Architectural complexities and morphological variations of the indus fan and its elements: Understanding of the turbidite system through seismic characterization

The investigations of the processes occurring in submarine fans improve the understanding of intricacies of deepwater turbidity system and their associated developed architectural elements. The seismic patterns and depositional geometries of the channel levee complexes of the Indus fan have been studied using 2D/3D seismic and well data. The Indus fan is the second largest submarine fan in the world, with a horizontal extent of some 1500 km and a thickness of approx. 9 km. The development source of the Indus fan is divided into two units primarily based on their stratigraphic architecture and depositional characteristics. Firstly, the Eocene-Oligocene to Miocene lower unit that is built of channel lobes, and regionally developed large mass-transport deposits including megaturbidites. The other unit is Miocene and the Quaternary upper part that constitute major channel levee complexes with minor intercalations of locally developed mass transport deposits. The former progressively increase in thickness and width upwards the Eocene-Oligocene to Quaternary. This gave rise to symmetrical and asymmetrical growth patterns as a result of multiple phases of erosion and deposition. Such an architecture is present at an extensive scale primarily in the Plio-Pleistocene channels where the vertical to lateral growth ratio is higher than the channels. A single episode of thick MTDs is recognized by seismic reflection geometries suggesting sea level fluctuations that occurred between the Eocene-Oligocene and the Miocene, and from the Pliocene and the Quaternary channels. Regional confinements drastically affected the development of the Indus fan from the Eocene-Oligocene to Miocene, diminishing from the Pliocene-Quaternary.
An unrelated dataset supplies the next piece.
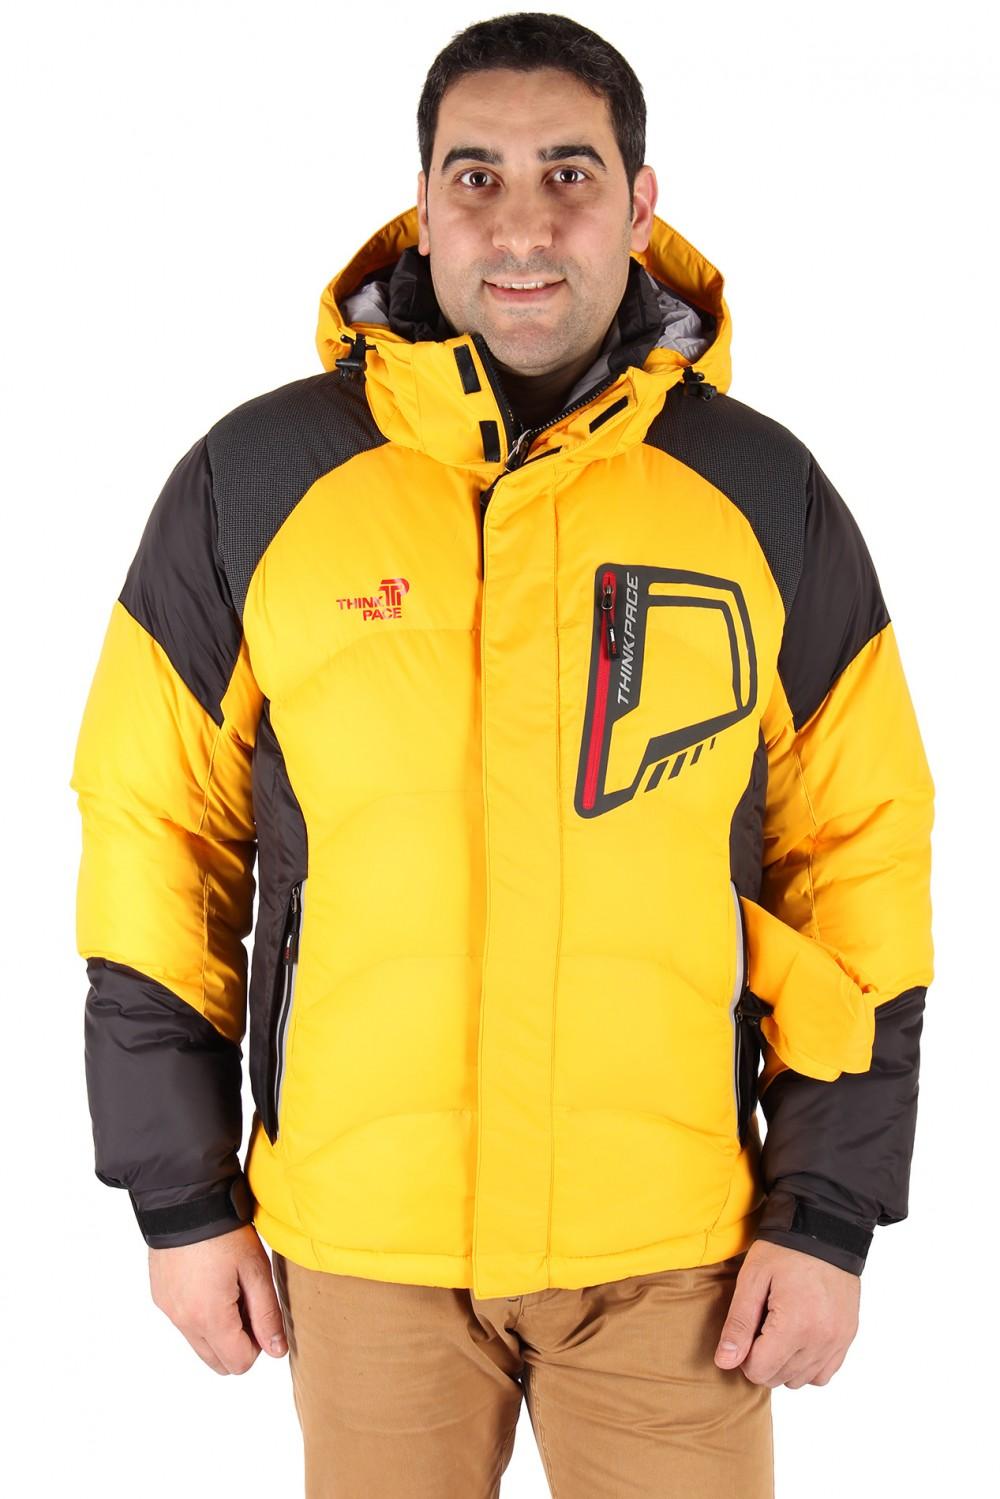 Купить                                      оптом Куртка зимняя мужская желтого цвета 9406J в Санкт-Петербурге

Sediment zonation occurred owing to the presence of structural confinements that controlled the growth of channel levee complexes and in general the entire Indus fan. Our results based on seismic reflection data of channel levee complexes suggest that increasing but alternating sediment supply from Eocene till Plio-Pleistocene, assisted the active channels and levee growth. Continuous increase in turbidity current size and energy along with sedimentation rates modified (i.e., increased the channel aspect ratio) the channel architecture of the Indus Fan.